This is a good time to mention the CVS log command, which will print a summary of previous revisions of your files:

$ cvs log main.cpp

RCS file: /boot/home/repository/Magnify/main.cpp,v
Working file: main.cpp
head: 1.2
branch:
locks: strict
access list:
symbolic names:
        Magnify-4 5-2: 1.2
        Magnify-4 5-1: 1.1.1.1
        be: 1.1.1
keyword substitution: o
total revisions: 3;     selected revisions: 3
description:
----------------------------
revision 1.2
date: 1999/10/03 17:53:26;  author: fnf;  state: Exp;
lines: +2 -2
Fix inconsistent use of RGB in help
----------------------------
revision 1.1
date: 1999/10/02 18:18:07;  author: fnf;  state: Exp;
branches:  1.1.1;
Initial revision
----------------------------
revision 1.1.1.1
date: 1999/10/02 18:18:07;  author: fnf;  state: Exp;
lines: +0 -0
Baseline version from BeOS 4.5 CD
==========================================================

This output gives you a huge amount of useful information about the file and its history. From it, you know that the current version of the file (as numbered by CVS) is 1.2. You know that there are some symbolic names like Magnify-4 5-1 and Magnify-4 5-2 that you can use to specify specific revisions of the file, and you see what file revisions correspond to particular changes to the file, such as that revision 1.2 fixed the inconsistent use of RGB in the help text.

If you're curious about seeing the differences between revisions, you can use the -r" option to the CVS "diff" command to view the differences between two revisions:

(Note: example lines chopped at 60 chars for newsletter)

$ cvs diff -r 1.1 -r 1.2 main.cpp
Index: main.cpp
==========================================================
RCS file: /boot/home/repository/Magnify/main.cpp,v
retrieving revision 1.1
retrieving revision 1.2
diff -r1.1 -r1.2
756c756
<       text->Insert("      which pixel's rgb values will
---
>       text->Insert("      which pixel's RGB values will
776c776
<       text->Insert("  arrow keys - move the current sele
---
>       text->Insert("  arrow keys - move the current sele

Other options are also useful in the CVS diff command, like -c to get contextual diffs or "-p" to get the name of the function included in the diffs.
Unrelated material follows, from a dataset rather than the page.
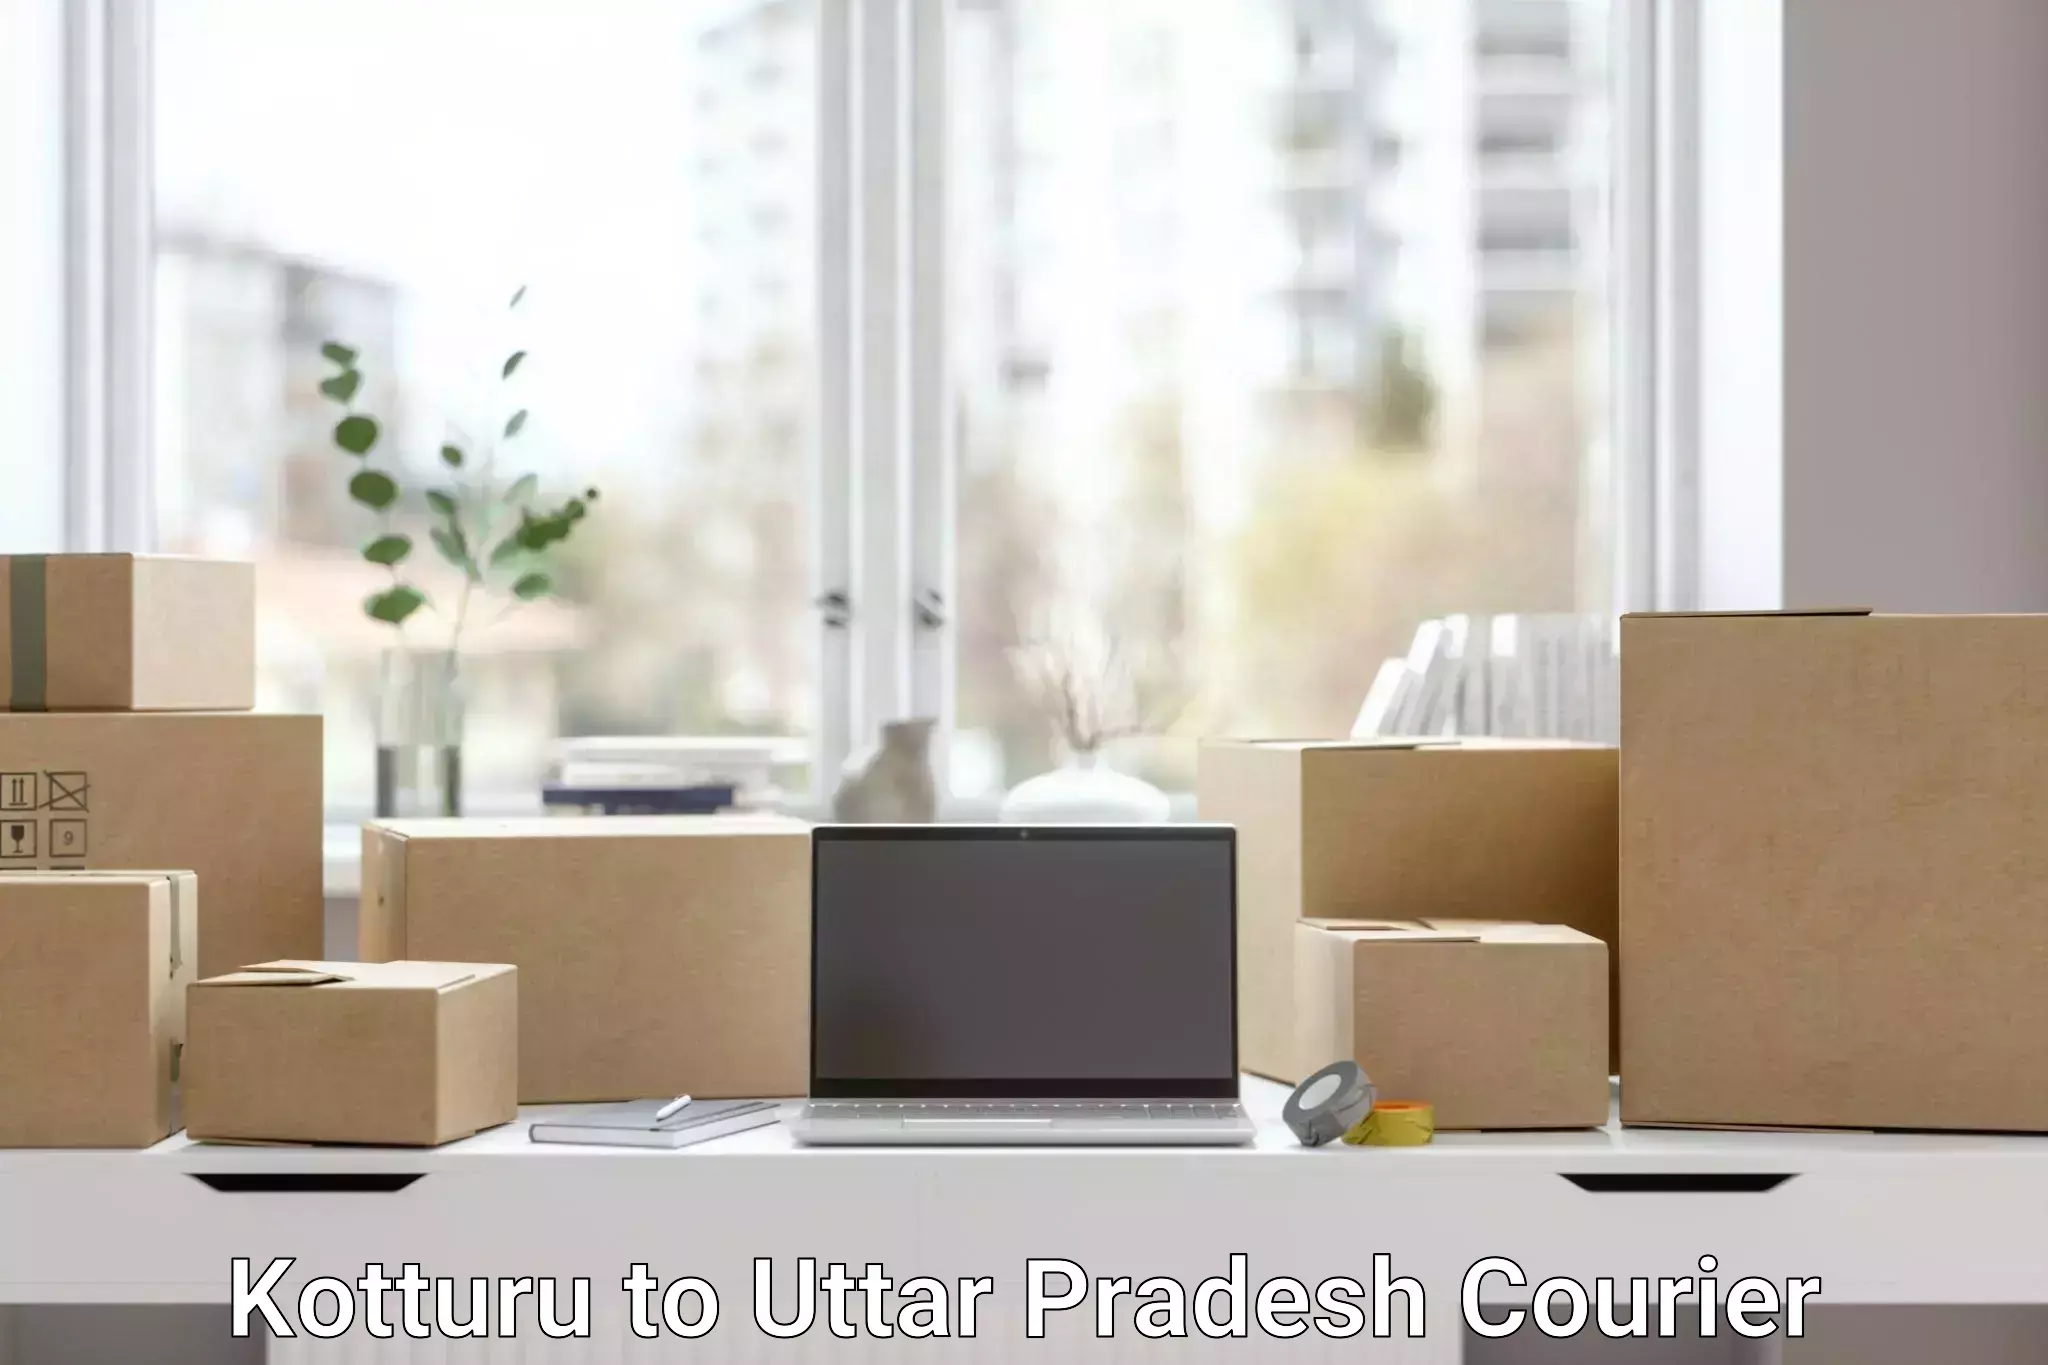 Custom courier packaging Kotturu to Milak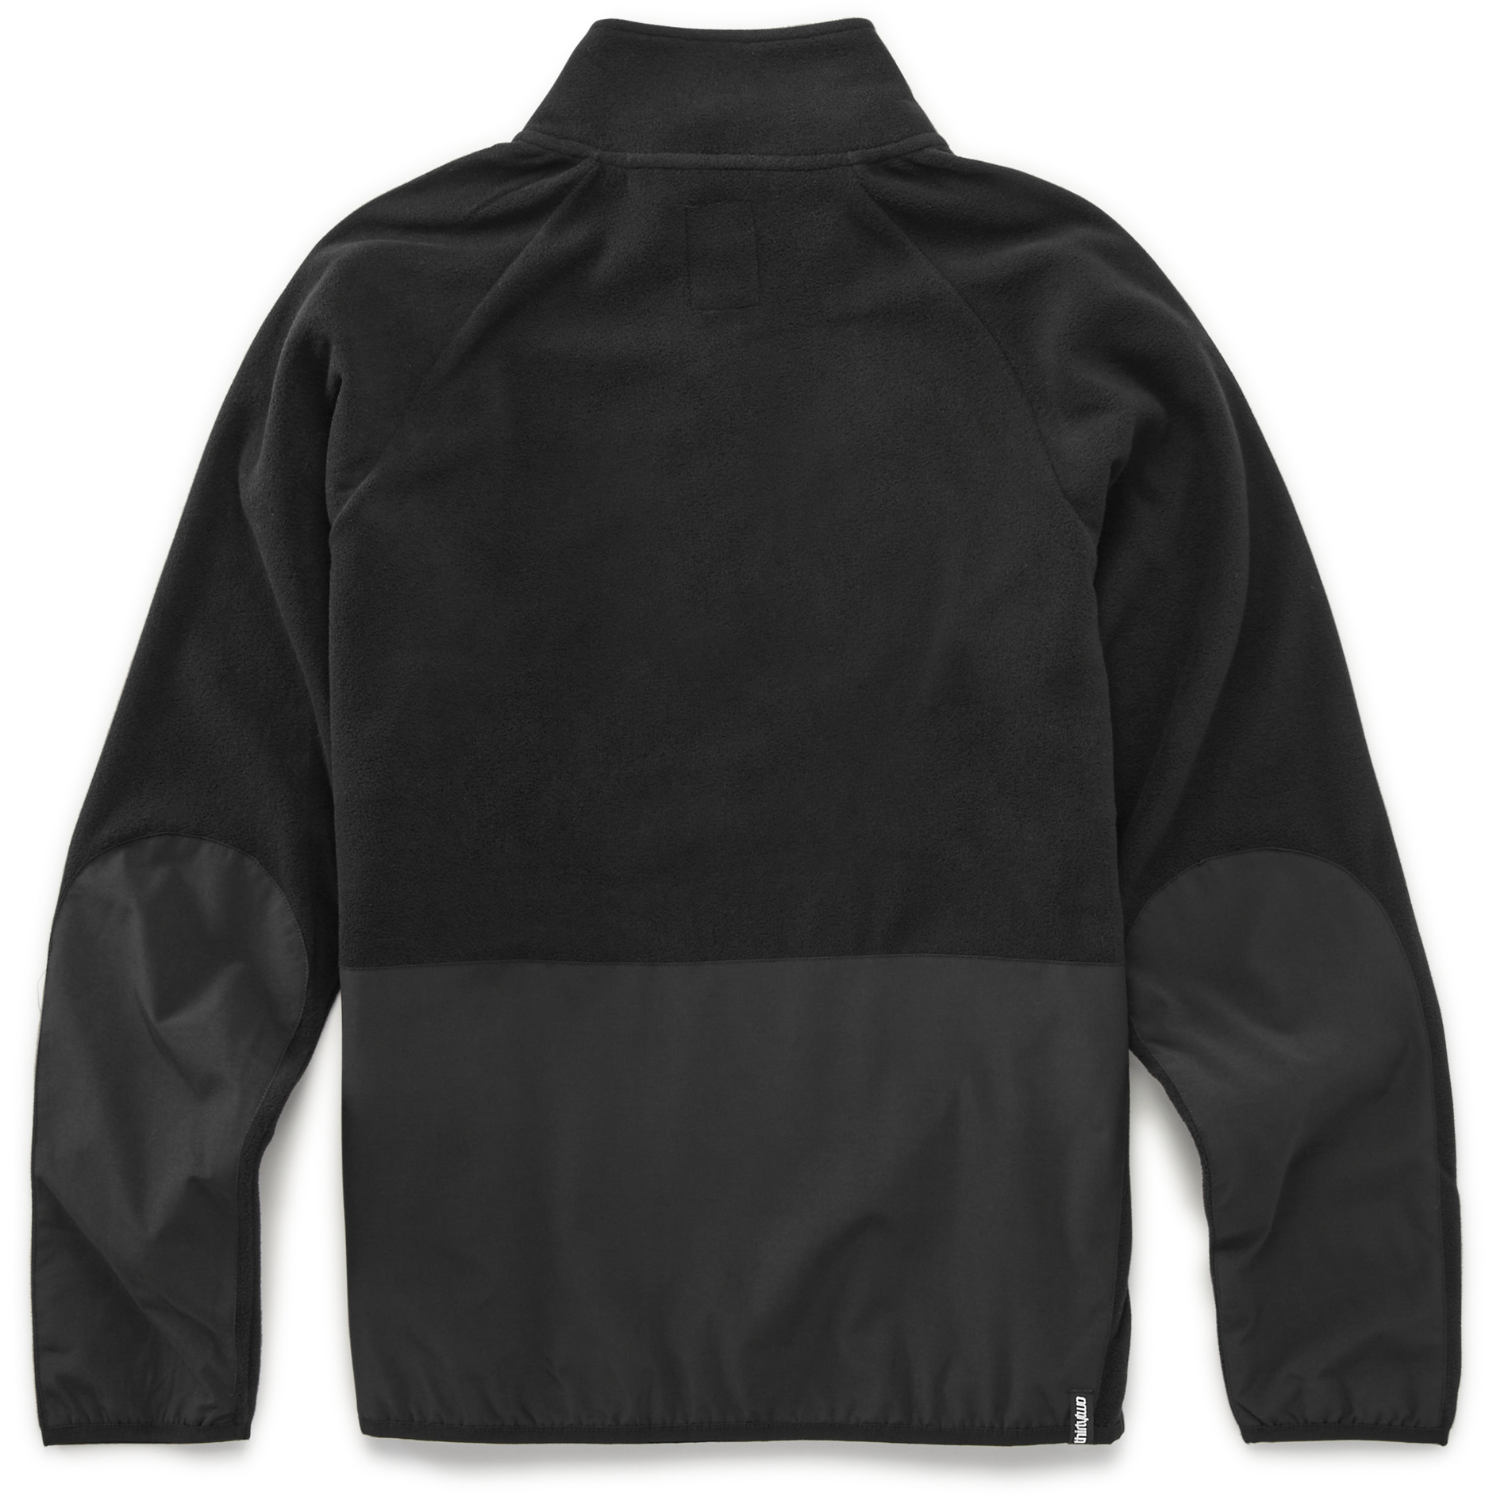 Men's Fleece Jackets For Sale - Cozy & Stylish Outerwear

Let's now go back to your development sources, and make a change that you want to show up in future versions. Since this is only an example, we'll use a simple change that doesn't really change the program behavior:

$ cd /boot/home/development/Magnify
$ emacs main.cpp
$ cvs diff main.cpp
Index: main.cpp
==========================================================
RCS file: /boot/home/repository/Magnify/main.cpp,v
retrieving revision 1.2
diff -r1.2 main.cpp
3,6c3,4
< /*
<       Copyright 1999, Be Incorporated.   All Rights ...
<       This file may be used under the terms of the Be ..
< */
---
> //  Copyright 1999, Be Incorporated.   All Rights ...
> //  This file may be used under the terms of the Be ...
$ cvs commit -m "Use C++ style comments" main.cpp
Checking in main.cpp;
/boot/home/repository/Magnify/main.cpp,v  <--  main.cpp
new revision: 1.3; previous revision: 1.2
done

The problem you now have is that you want to start a new release cycle for your product, based on the current development sources, and only make changes to the source for that release that are related to fixing bugs found by beta testers. On the other hand, you have some ideas for fairly extensive changes that will improve the product, but may destabilize the sources for several weeks.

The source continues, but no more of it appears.